Big information initiatives are, properly, large in dimension and scope, typically very bold, and all too typically, full failures. In 2016, Gartner estimated that 60 % of massive information initiatives failed. A 12 months later, Gartner analyst Nick Heudecker mentioned his firm was “too conservative” with its 60 % estimate and put the failure fee at nearer to 85 %. Today, he says nothing has modified.
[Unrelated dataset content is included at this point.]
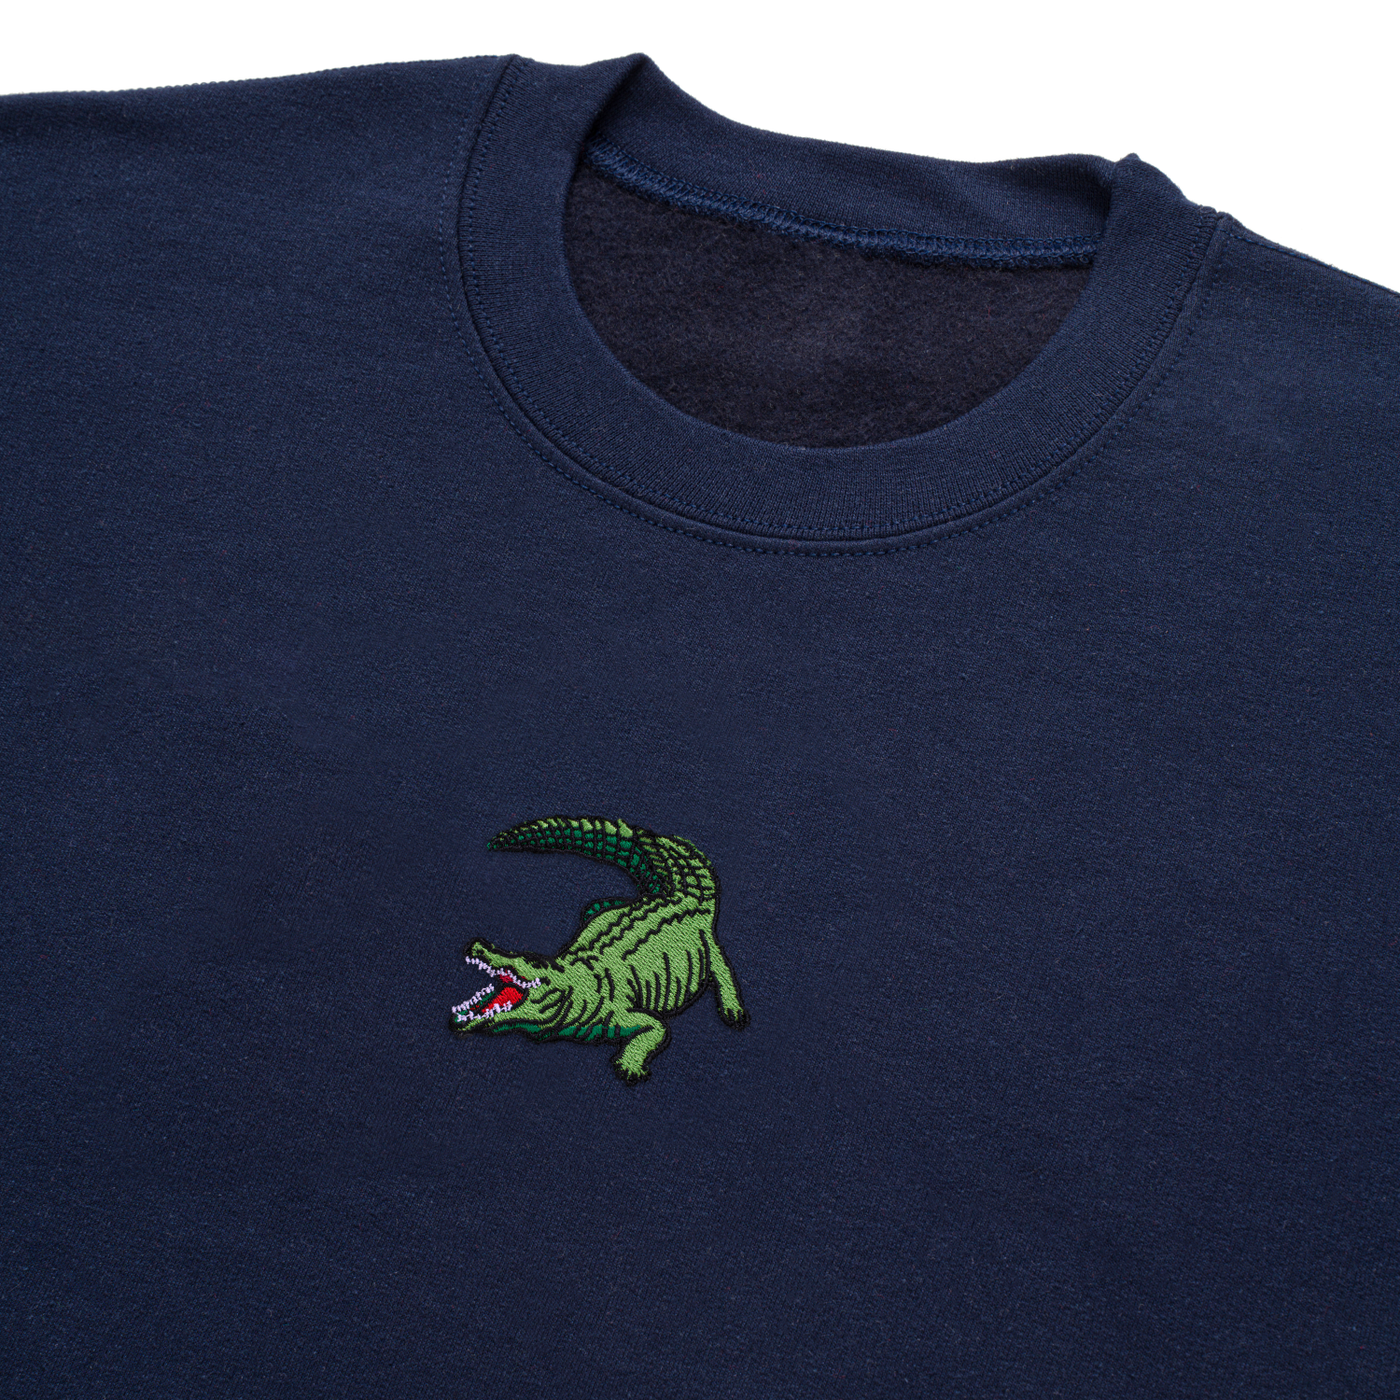 Bobby's Planet Men's Embroidered Saltwater Crocodile Sweatshirt from Australia Down Under Animals Collection in Navy Color#color_navy

Gartner isn’t alone in that evaluation. Long-time Microsoft govt and (till just lately) Snowflake Computing CEO Bob Muglia informed the analytics website Datanami, “I can’t find a happy Hadoop customer. It’s sort of as simple as that. … The number of customers who have actually successfully tamed Hadoop is probably fewer than 20 and it might be fewer than ten. That’s just nuts given how long that product, that technology has been in the market, and how much general industry energy has gone into it.” Hadoop, in fact, is the engine that launched the large information mania.
Other folks acquainted with large information additionally say the issue stays actual, extreme, and never totally considered one of know-how. In reality, know-how is a minor reason behind failure relative to the actual culprits. Here are the 4 key causes that large information initiatives fail—and 4 key methods in which you’ll succeed.
Big information drawback No. 1: Poor integration
Heudecker mentioned there’s one main technological drawback behind large information failures, and that’s integrating siloed information from a number of sources to get the insights corporations need. Building connections to siloed, legacy techniques are merely not straightforward. Integration prices are 5 to 10 occasions the price of software program, he mentioned. “The biggest problem is simple integration: How do you link multiple data sources together to get some sort of outcome? A lot go the data lake route and think if I link everything to something magic will happen. That’s not the case,” he mentioned.
Siloed information is a part of the issue. Clients have informed him they pulled information from techniques of file into a standard atmosphere like an information lake and couldn’t determine what the values meant. “When you pull data into a data lake, how do you know what that number 3 means?” Heudecker requested.